小泉八雲の『怪談』にも「雪女」の話がある。二人の木こりが林に入って仕事をしていたが、夕方になって吹雪いてきた。川の渡しは、渡守の姿も見えず、二人はその番小屋で、一晩寒さをしのぐことにした。一人は初老の木こりで、もう一人は18歳の若者であった。小屋にあった筵をひき被って二人は寝た。初老の木こりは、そんな寒いなかでも直ぐに寝入ってしまった。若者の方は、寒さと、川のごうごうと流れる音や風が気になって寝付かれない。それでも、疲れが出てたまらず寝入った。

若者は顔のあたりさらさらと雪がかかる気がして目覚めた。締めたはずの小屋の戸が開いて、なかに女がいた。女は寝ている老人に被さるようにして息を吹きかけている。老人は息が絶えて死んだように見えた。若者が恐ろしさのあまり、声をあげると、気づいた女が若者の方へ近づき、顔を見た。するとちょっと微笑んで、若くかわいいから助けてあげる。このことは他言無用だよ。と言って女は小屋を出ていった。このことがあってからも、若者は木こりの仕事で林に通い続けた。そして若者と、この雪女が結婚して、10人の子どもを産んだ。美人で申し分のない嫁であったが、話は木こりが番小屋のでの思い出を語ることで正体を現す。

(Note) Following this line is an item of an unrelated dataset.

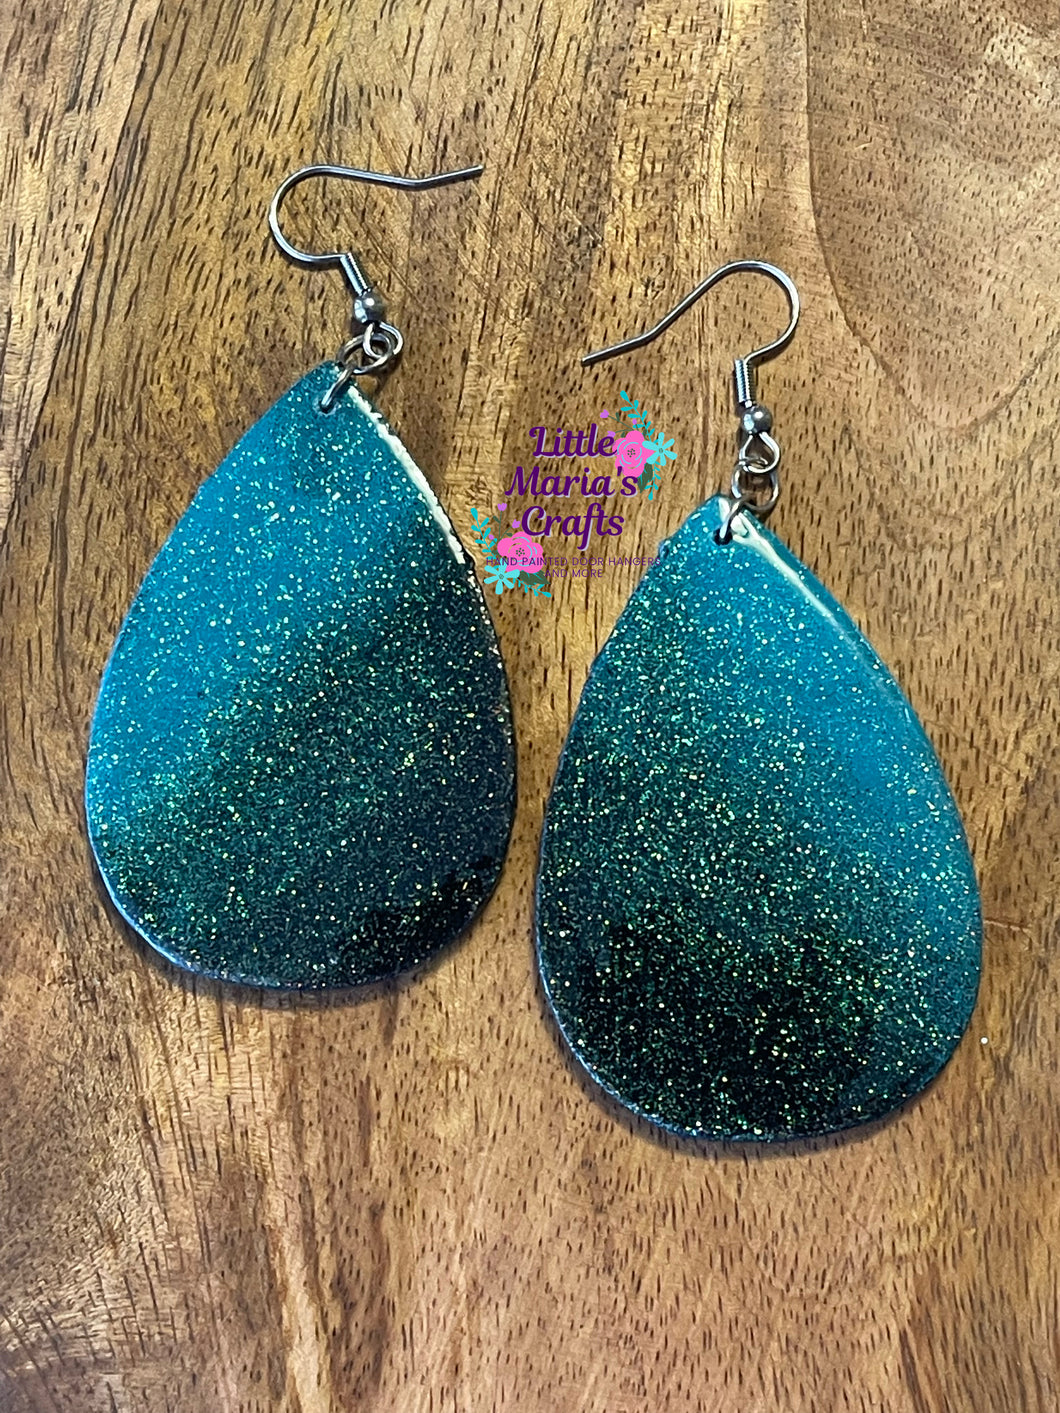 Earrings-Turquoise and Black Glitter Teardrop

雪国には、雪女のお化けの話が語り伝えられている。現代風に変えられて、仙台への街道で車を運転していると、女が歩けなくなったから乗せて欲しいと頼んでくる。可哀そうに思って乗せていくと、いつの間にか乗せた筈の女がいなくなっている。座席には、べったりと濡れたあとがあり、乗せた女が雪女であったことに気づく。こんな体験話がまことしやかに語り伝えられている。